(EXERCISE BRIEF):
Look in the data below for the line that has "12 killer reasons", then print exactly every line from there through the line that has "Nvidia RTX 5090", leaving pictures out.

++++ EXTRACTED RECORDS

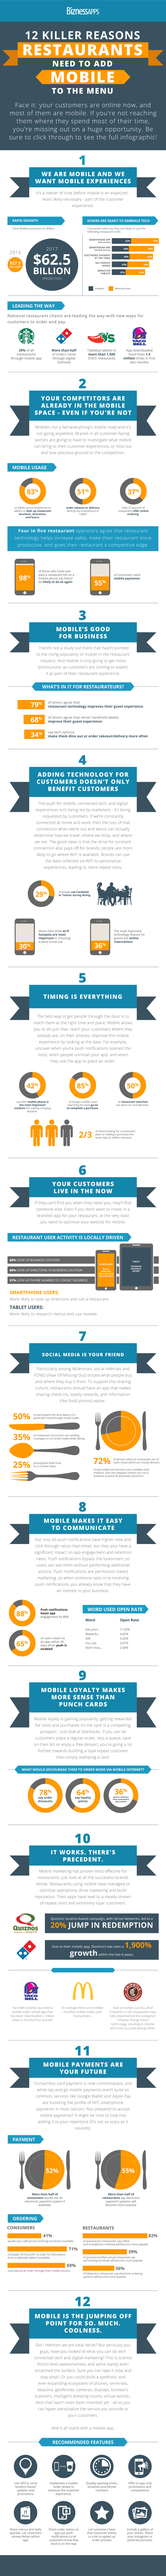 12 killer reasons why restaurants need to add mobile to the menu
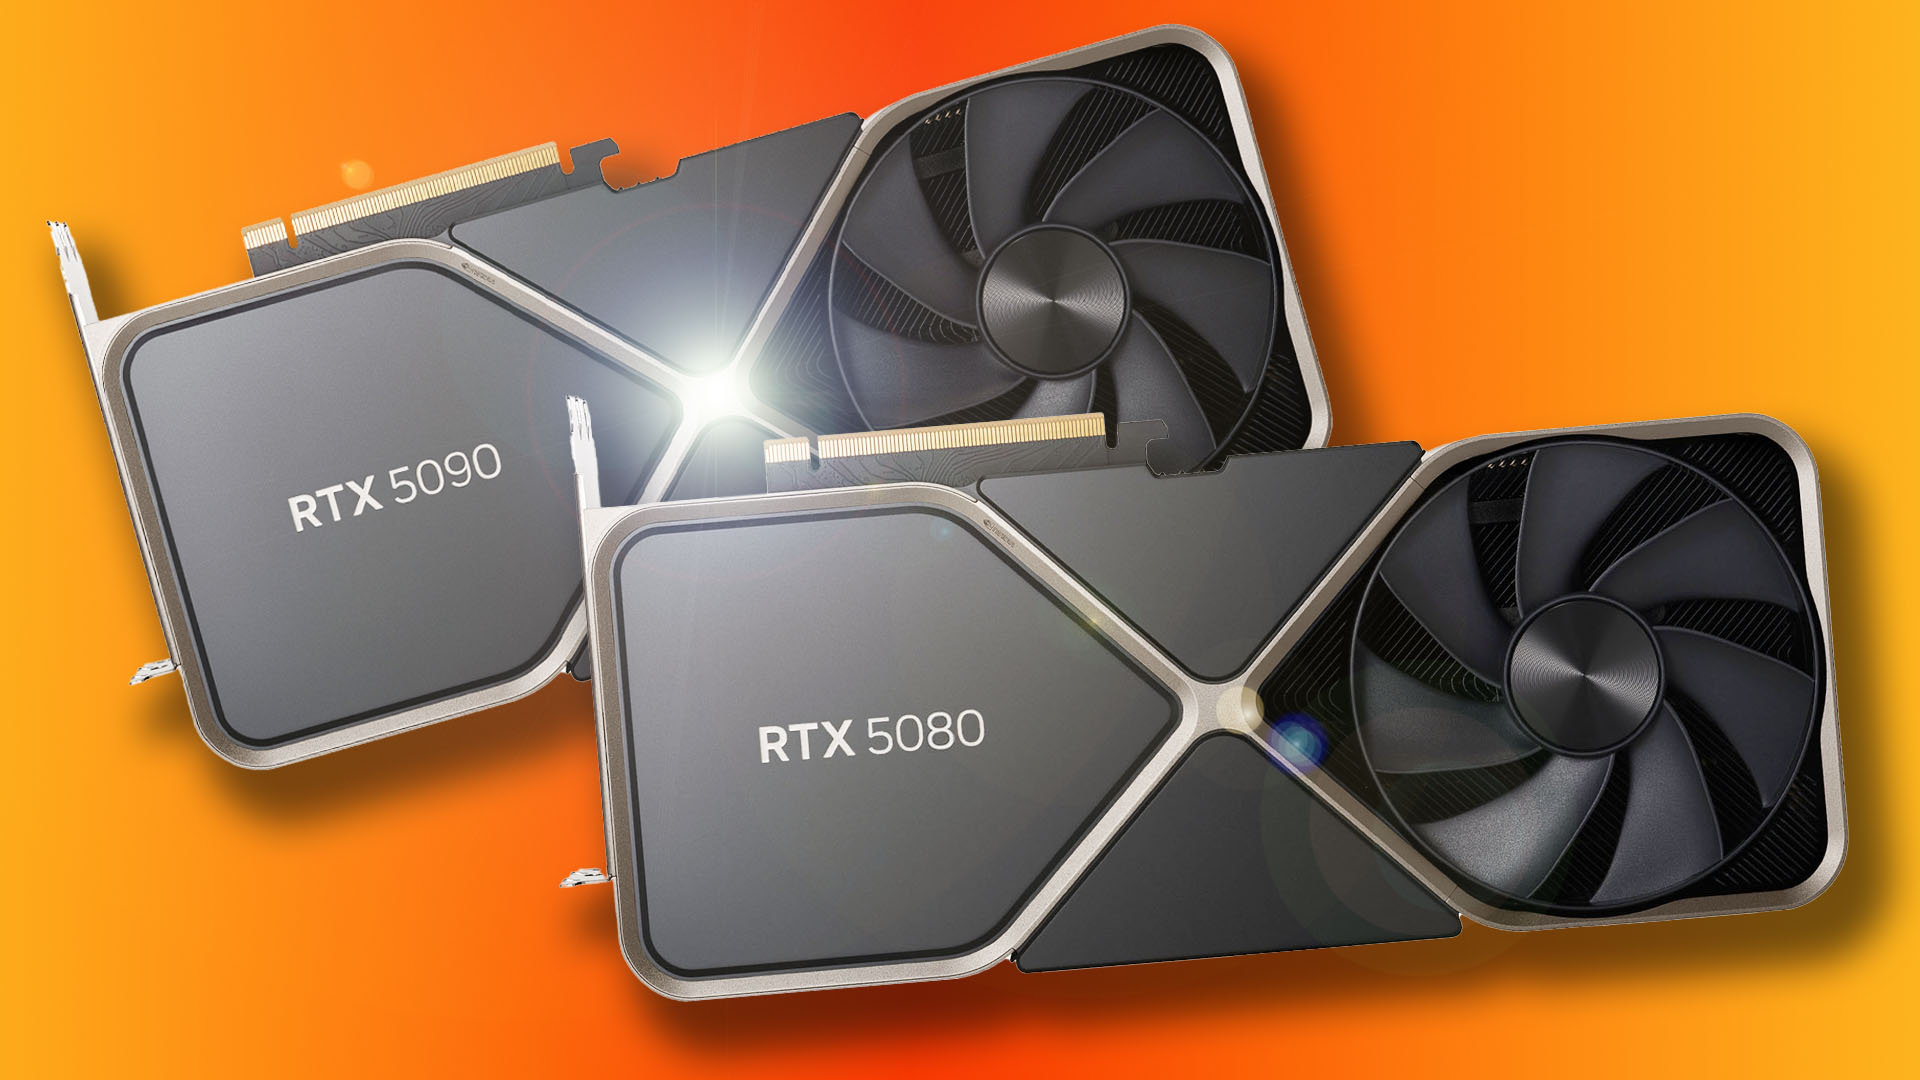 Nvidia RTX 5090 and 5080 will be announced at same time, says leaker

++++++++
++++ EXTRACTED RECORDS

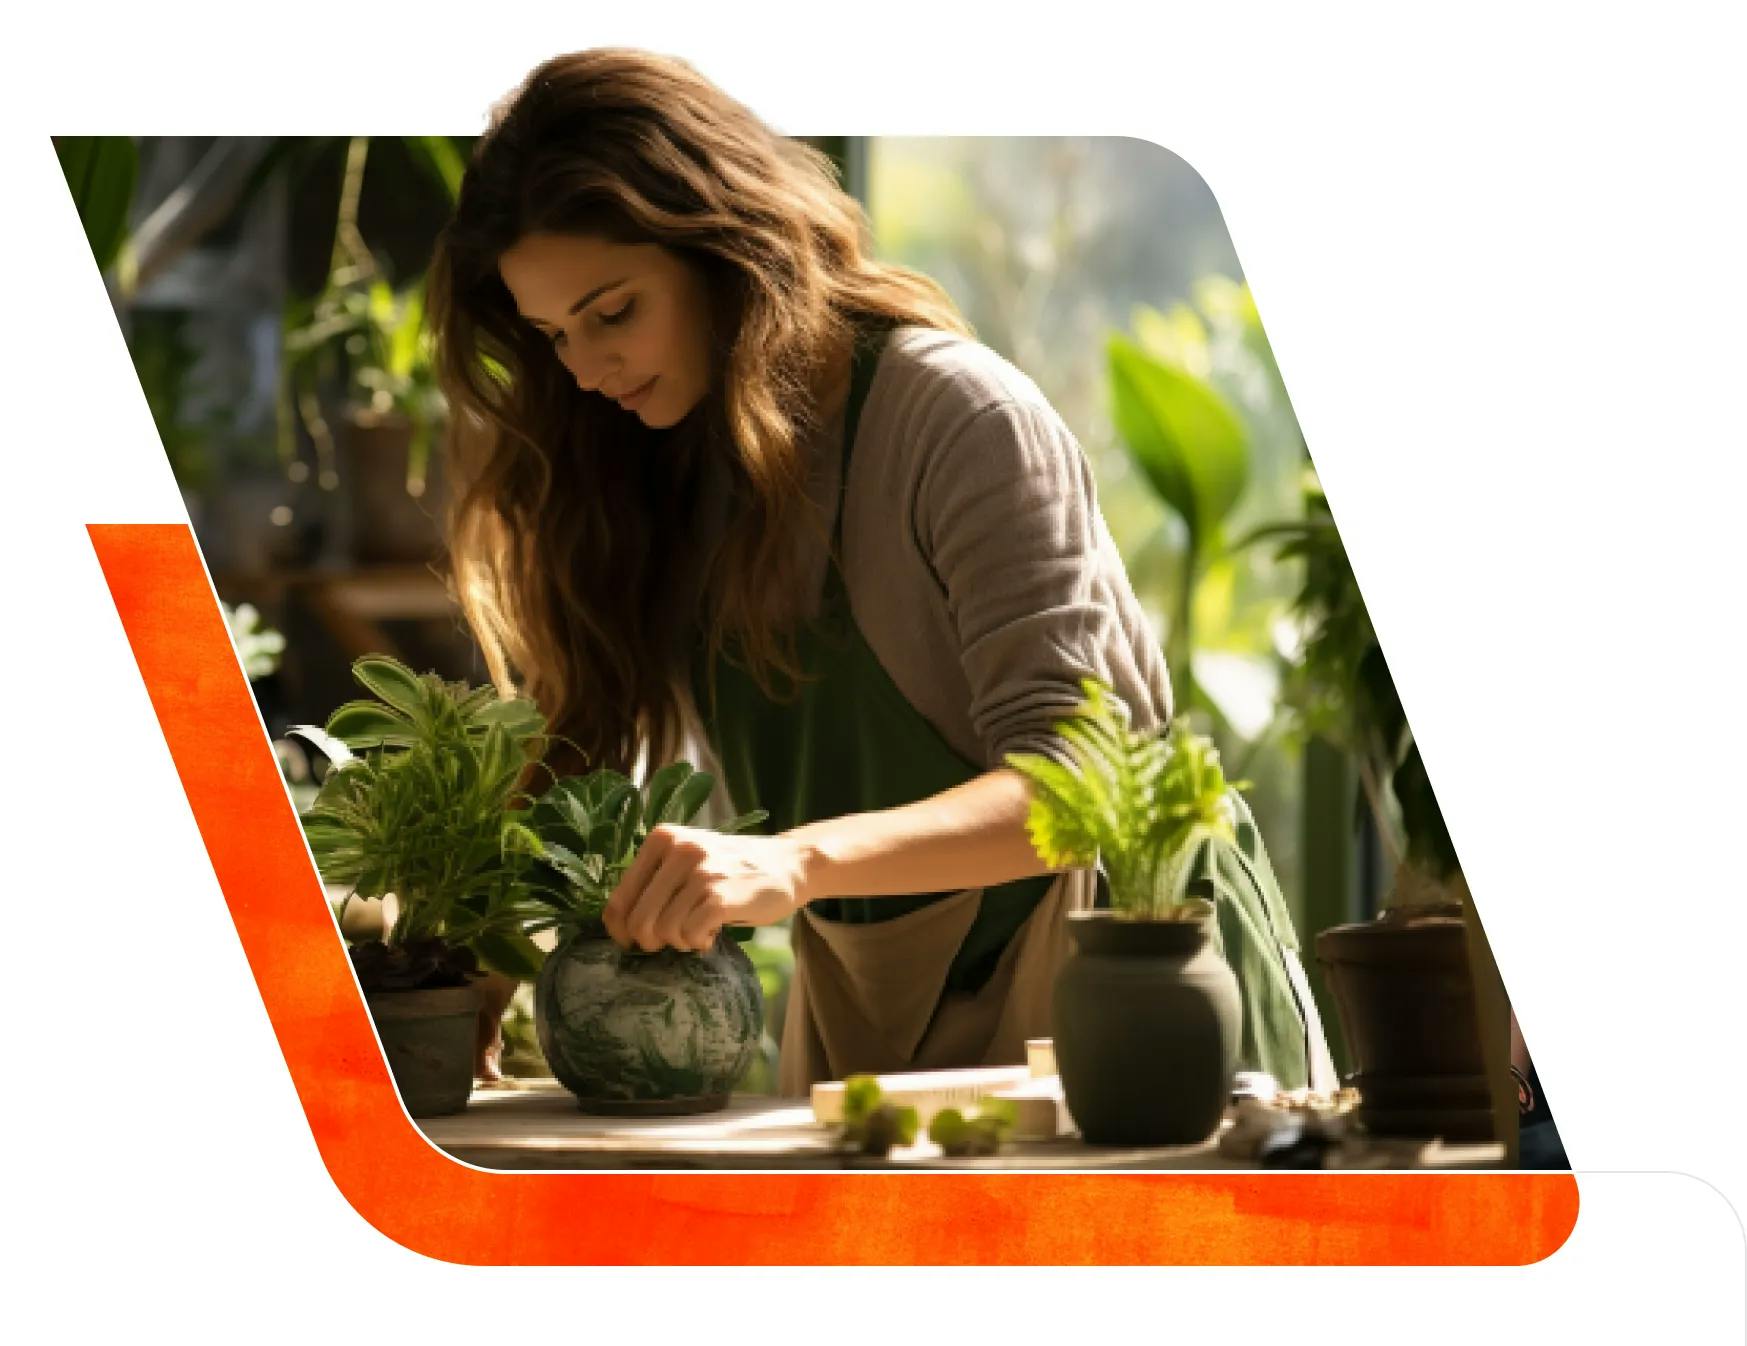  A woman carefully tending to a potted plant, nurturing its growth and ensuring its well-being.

++++++++
++++ EXTRACTED RECORDS

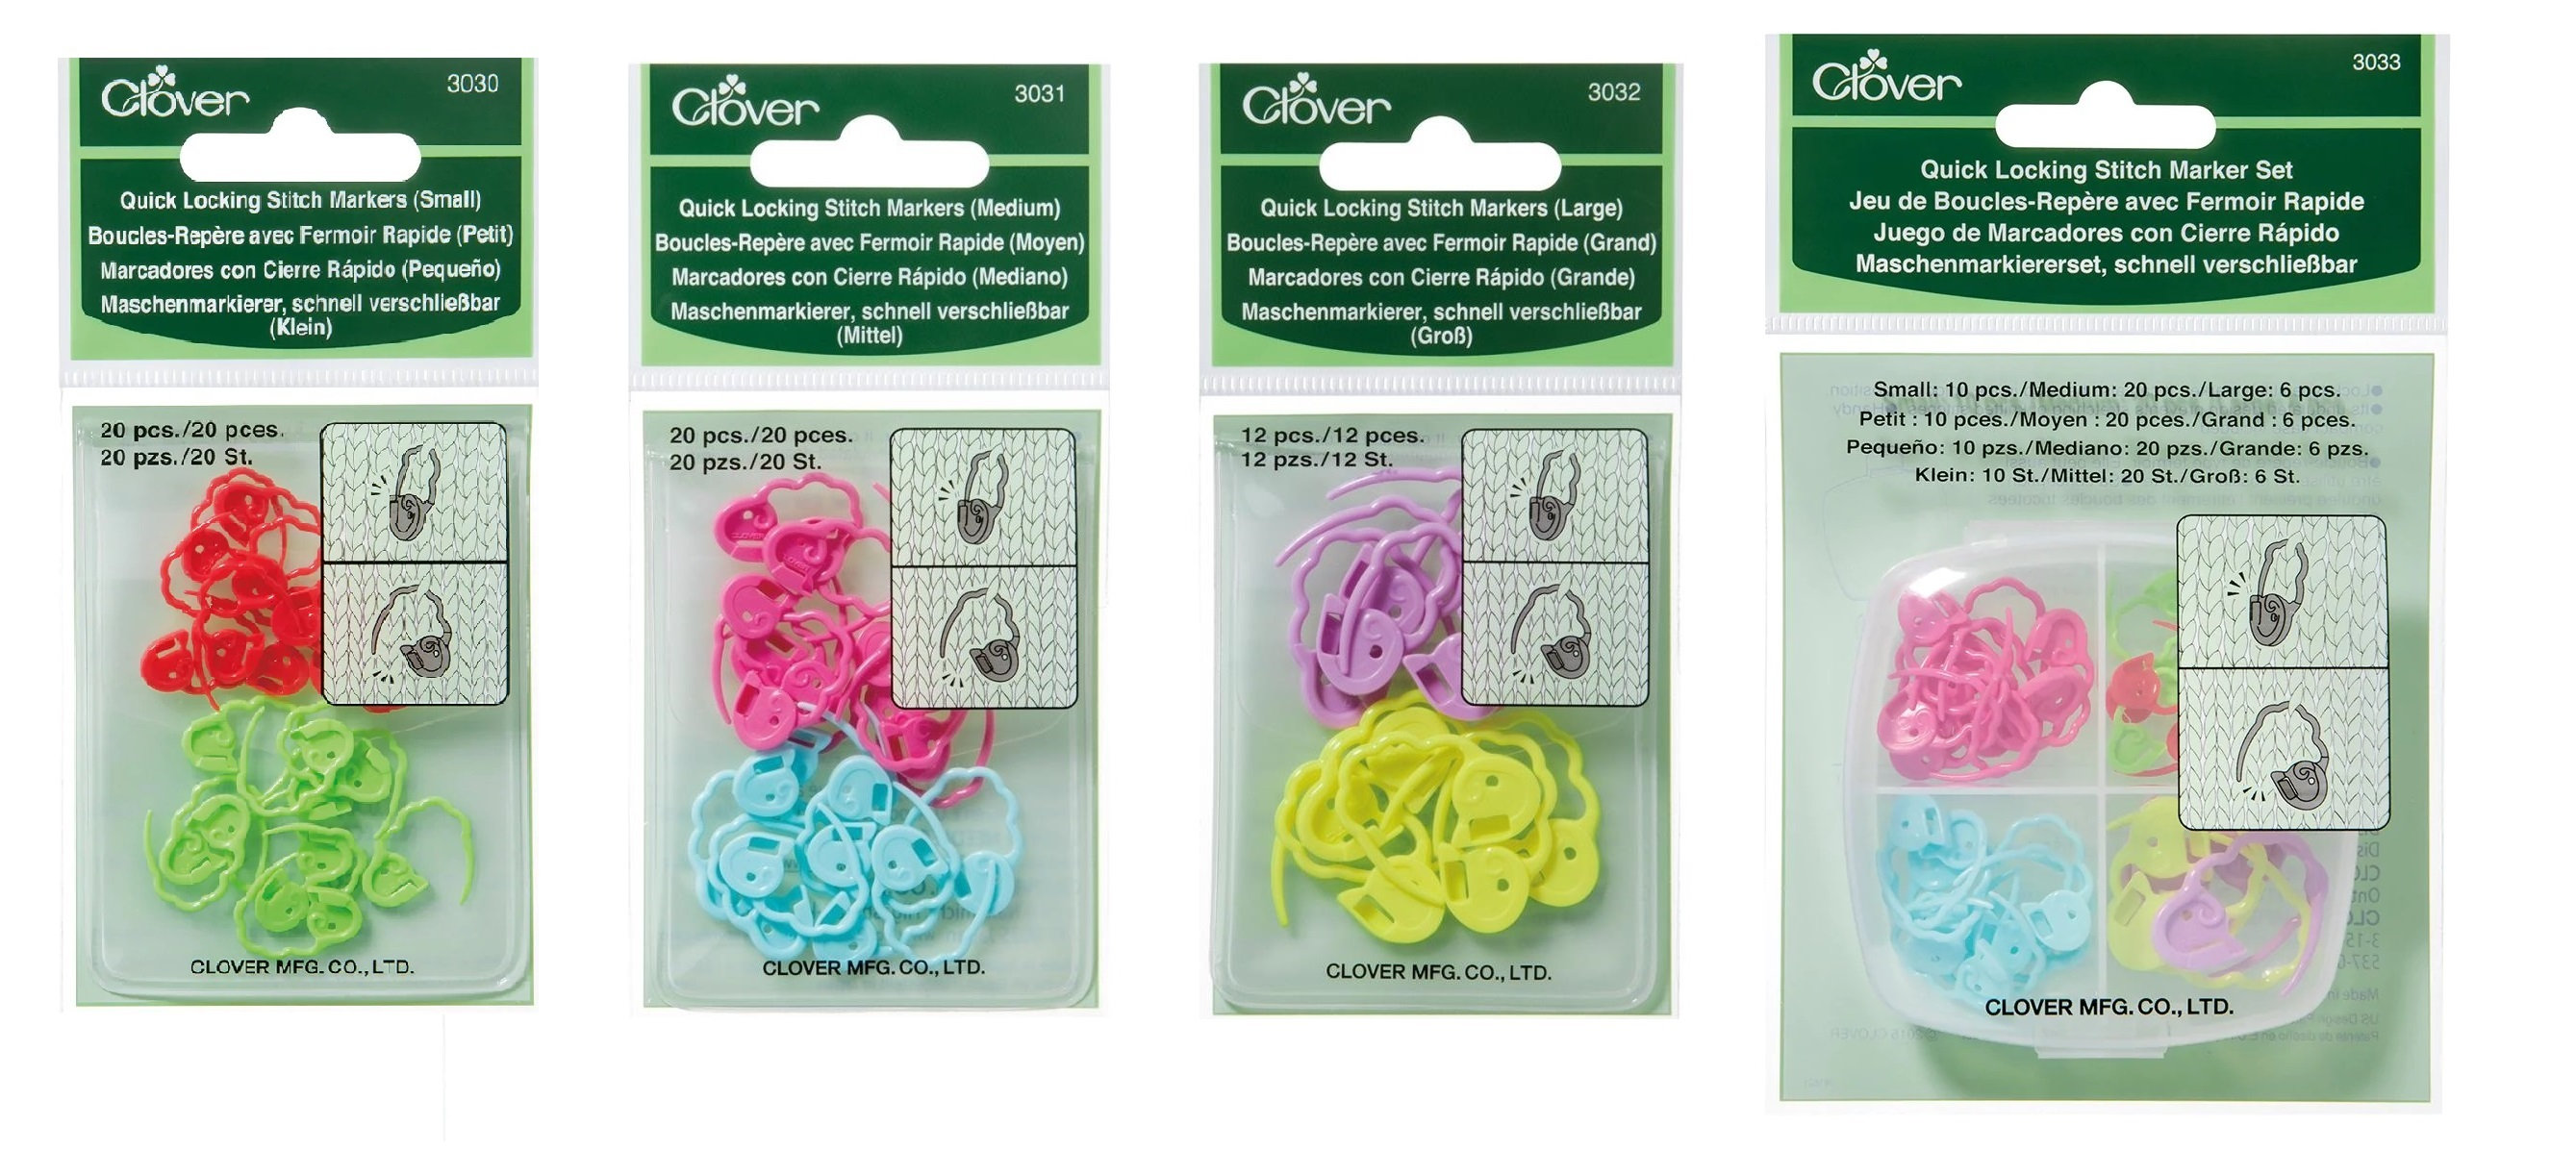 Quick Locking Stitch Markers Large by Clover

++++++++

(OUTPUT FOR THIS EXERCISE):
 12 killer reasons why restaurants need to add mobile to the menu
 Nvidia RTX 5090 and 5080 will be announced at same time, says leaker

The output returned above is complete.